Moradores de avião

Tenho bastantes amigos e conhecidos que se gabam das milhas voadas e dos pontos acumulados nos cartões de fidelidade criados pelas companhias áreas. Eles sabem os diversos modelos de aviões, os nomes dos comandantes, os trejeitos dos tripulantes e até mesmo os significados dos roncos dos motores. Gostam de dizer que têm mais horas de vôos do que tempo de casa. Resumem as comprovadas bravatas concluindo que são verdadeiros moradores de avião.  Escuto-os, melancólica e pacientemente, mesmo porque acredito que ser morador de avião é portar um status desagradável.

 

Não porque as poltronas de avião são desagradáveis e apertadas, pouco lembrando o conforto que o pomposo nome poderia indicar. Tampouco em razão das refeições servidas, se é que o requentado sanduíche-de-alguma-coisa-recheado-com-outra-coisa pode ser catalogado neste necessário deleite. Muito menos em função dos incontrolados atrasos dos vôos, pontuais apenas na especializada tarefa de desrespeitar os passageiros. Também não em função dos riscos do trajeto, principalmente quando se sabe da irresponsabilidade daqueles que de deveriam controlar a segurança dos vôos.

 

É bem verdade que o tamanho e o conforto de uma moradia não são obstáculos para fazer feliz o seu morador, ainda mais quando possuir um lugar para morar é um artigo de luxo para vários brasileiros. Igualmente, o sabor de uma comida não serve como parâmetro de prazer, até porque tem um pouco de comida é o sonho de consumo para milhões de cidadãos. Tampouco a infelicidade está interligada à pontualidade do brasileiro, ainda mais quando chegar no horário não é um atributo forte para os habitantes das terras tupiniquins. Da mesma forma, o quesito insegurança não é fator preponderante na exclusão do avião como moradia aprazível, pois quem em terra firma bem sabe o que é seqüestro, assaltos, assassinatos e acidentes automobilísticos.

 

Os problemas são outros, pousados em motivos completamente diversos. No avião os rostos são nuvens que se dissipam rapidamente em cada pouso, fazendo passageira até as conversas mais consistentes. No avião as ruas são pequenos pontos no horizonte, inalcançáveis ao olhar que anseia pisar em terra firme. No avião as estrelas são aprisionadas em grossos vidros, intocáveis e estranhamente distantes.  No avião é proibido fazer físico o mais puro dos amores ou mesmo esboçar um carinho mais ousado. No avião não se joga bola de gude, não se vê o pião rodopiar, nem se sabe o que é amarelinha ou mesmo um simples campeonato de bafo.
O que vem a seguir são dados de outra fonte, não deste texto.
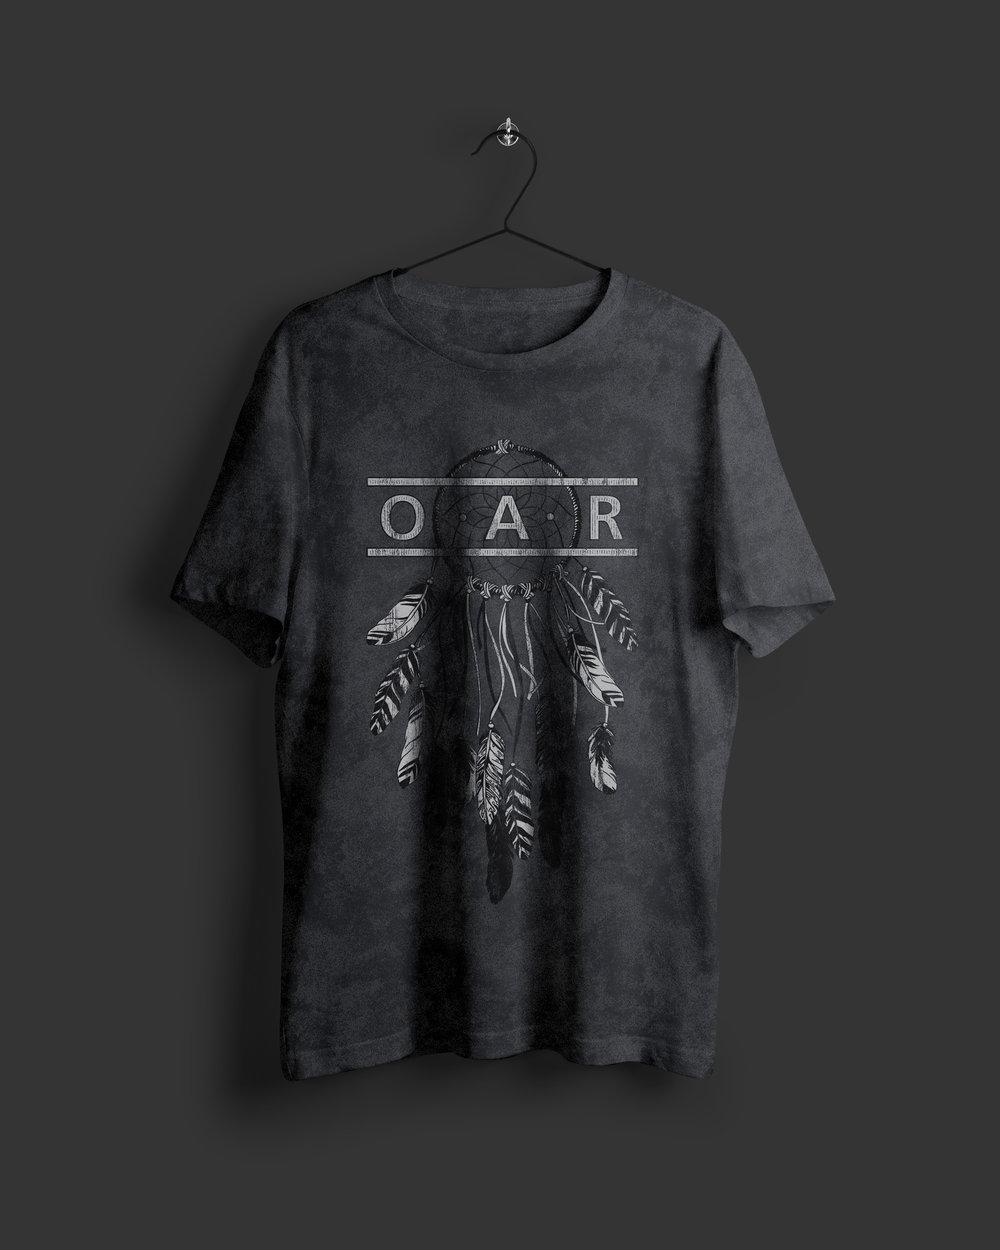 oar-dreamcatcher-flat.jpg

No avião o telefone é mero instrumento de decoração, o bicho de estimação uma fotografia de revista e a cama o mais cobiçado bem de consumo. No avião o mundo não passa de um pequeno e monótono espaço sem cor.

 

Mas morar num avião também é desprezível pelo próprio propósito da chegada ou o motivo da partida. Cada pouso significa um lugar diferente, um solo estranho, uma terra que logo será convertida em despedida. Cada partida um gesto igual, sem saudades fincadas ou lágrimas sentidas. O morador do avião, seguindo o voar de sua moradia, não aceita paradas ou chegadas definitivas. Logo uma nova partida anuncia a próxima chegada. Chegada que se transforma em partida, partida que nunca chega a um aeroporto seguro. Chegar e partir sem saber a ordem correta dos fatores ou resultado do enigma. Chegar e partir engolidos numa só tragada, um transitório gole de sabor vazio, uma ressaca de impossível cura.

 

Eu, confesso, sou um freqüentador assíduo dessa espécie de residência aérea. Porém não faço, não quero e nem pretendo fazer do avião o meu lar. Assumo sempre a minha condição de mero visitante, um passageiro eventual. E mesmo quando o tempo de constância dentro da inusitada residência indique a um terceiro desavisado que faço parte do estressado grupo dos moradores de avião, cuido logo de esclarecer o lamentável equívoco. Torno claro que estou de passagem, que não tenho qualquer relação de permanência com aquelas pessoas que, prazerosamente ou não, fazem do avião um habitat natural. Morador de avião é um status que, sinceramente, não cobiço.